Naturalization is the process by which a foreign national can acquire U.S. citizenship through application. In order to successfully naturalize, the foreign national must meet certain criteria, as follows:

1.The ability to read, write and speak basic English;

2. The ability to pass a test on U.S. history and government;

3. Must be a permanent resident (“green card” holder) for at least 5 years (if married to a U.S. citizen and “living in marital union,” the requirement is 3 years);

4. Must have been physically present in the U.S. for at least half of that 5- or 3-year period, in the aggregate;

5. Must not have “abandoned” their residence in the U.S. by relocating to another country with the intention to live and work there permanently; and

6. Must be a person of “good moral character.”
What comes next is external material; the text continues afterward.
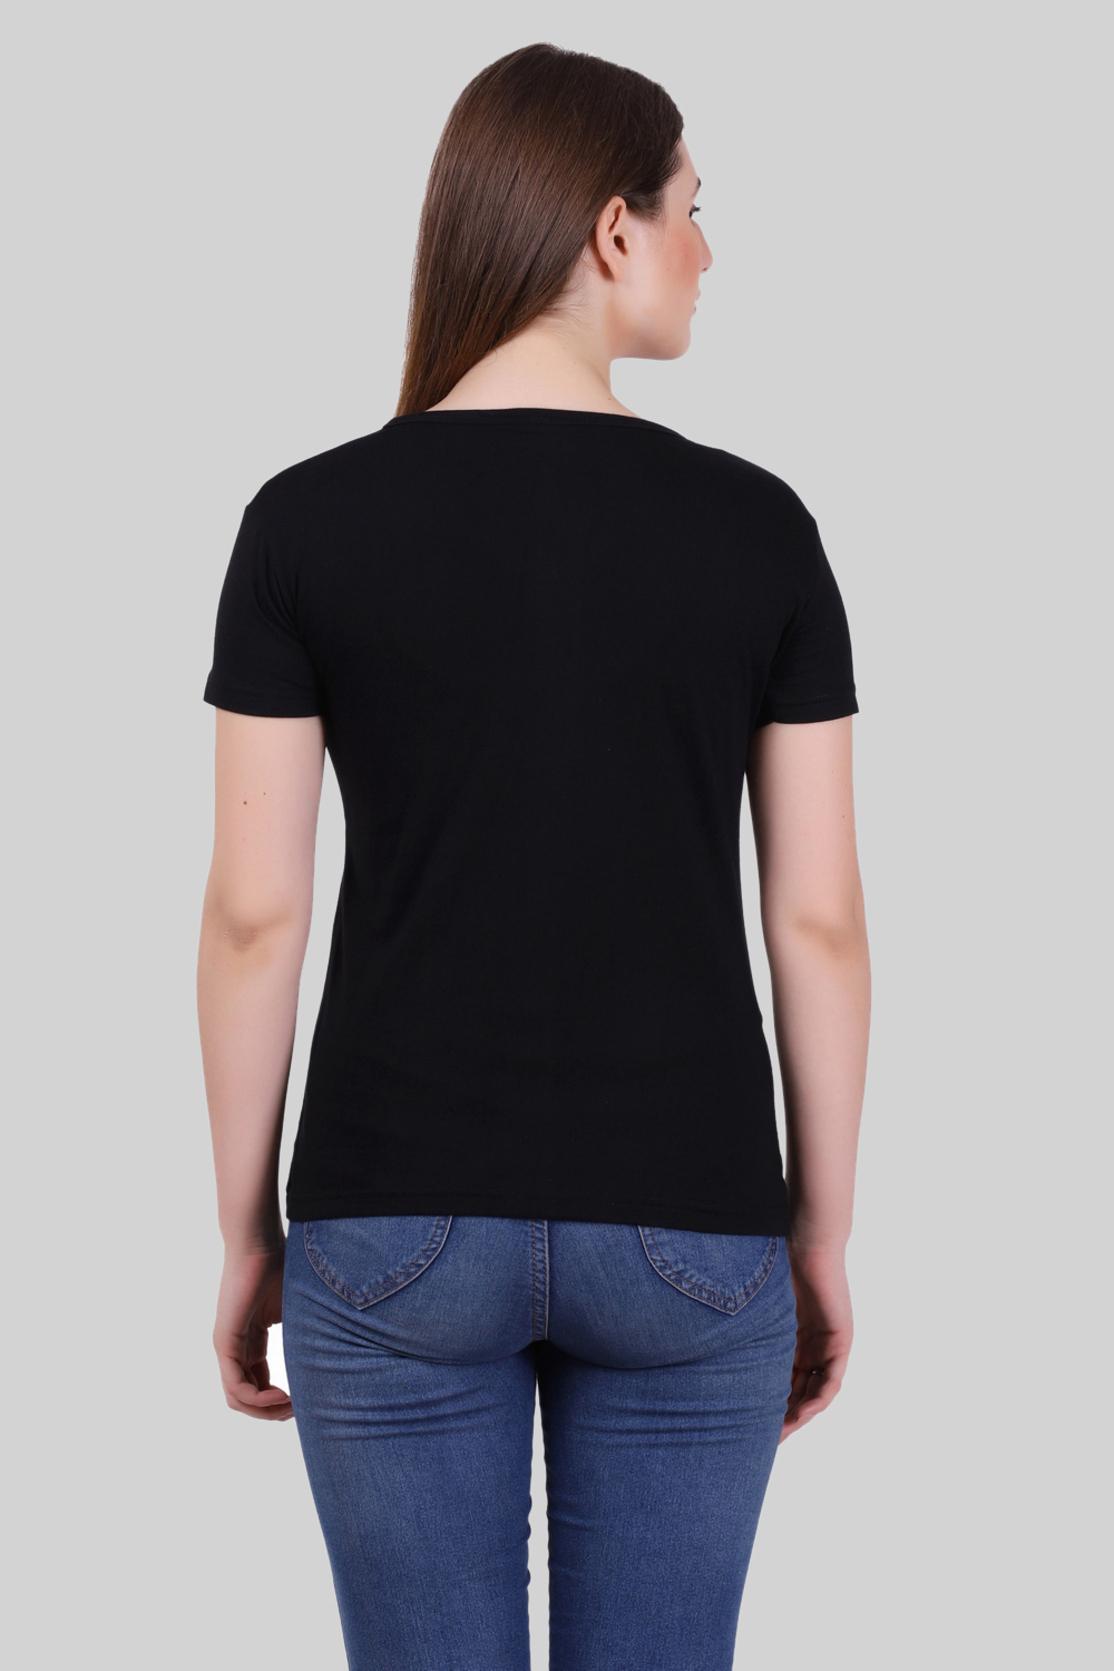 Basic Black V-Neck T-Shirt
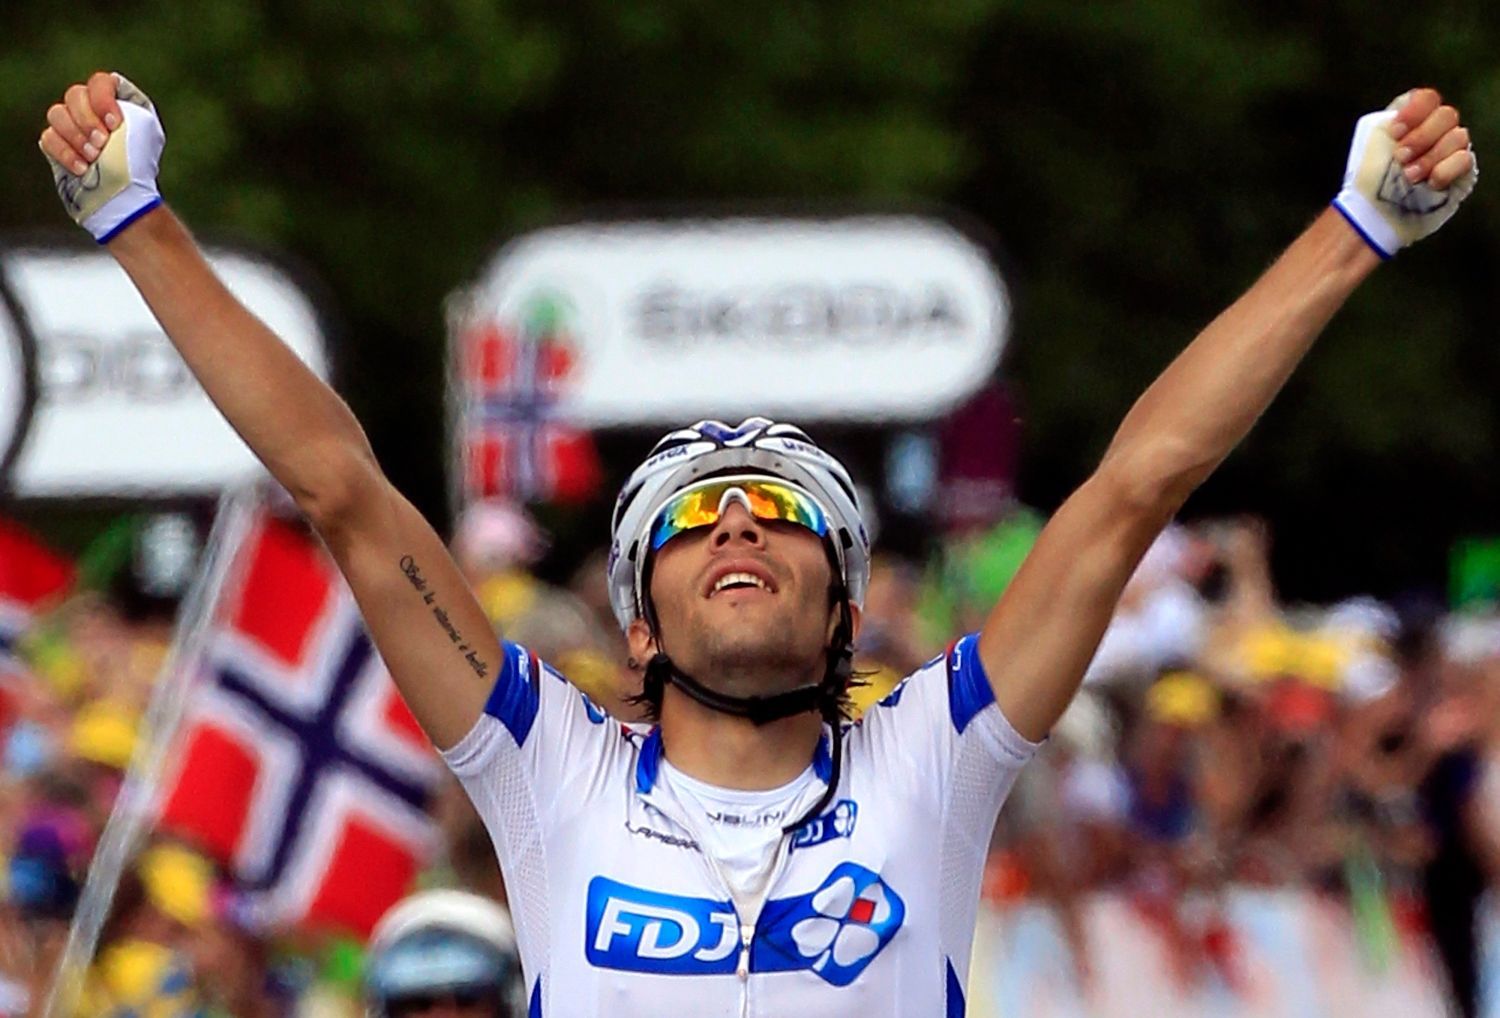 Francouzský cyklista Thibaut Pinot ze stáje FDJ-Bigmat se raduje z vítězství v osmé etapě Tour de France 2012.

Applicants for naturalization go through a screening process to determine whether they have any arrests or convictions. They must demonstrate that they are persons of “good moral character.” This typically means, among other things, no crimes, timely filing of tax returns and no tax debt outstanding, and proof that the applicant is current on any obligations for child or spousal support. The English language and history requirements can be especially challenging for older applicants, and individuals who may never have learned to read or write in any language. These requirements cannot be waived, however, unless there is a medical condition that makes it impossible for the applicant to acquire and retain new information. If the applicant meets all of the criteria and passes the test, he/she takes the oath of allegiance to the United States and becomes a U.S. citizen.

Summary

U.S. law and policy on immigration, including citizenship, is indeed fascinating and tells us a great deal about how we as a people view ourselves. Future articles will focus on, among other things, the differences between citizenship, lawful permanent residence, and other immigration statuses; the concept of “good moral character;” exceptions to certain of the naturalization requirements; and the finer points of birthright citizenship.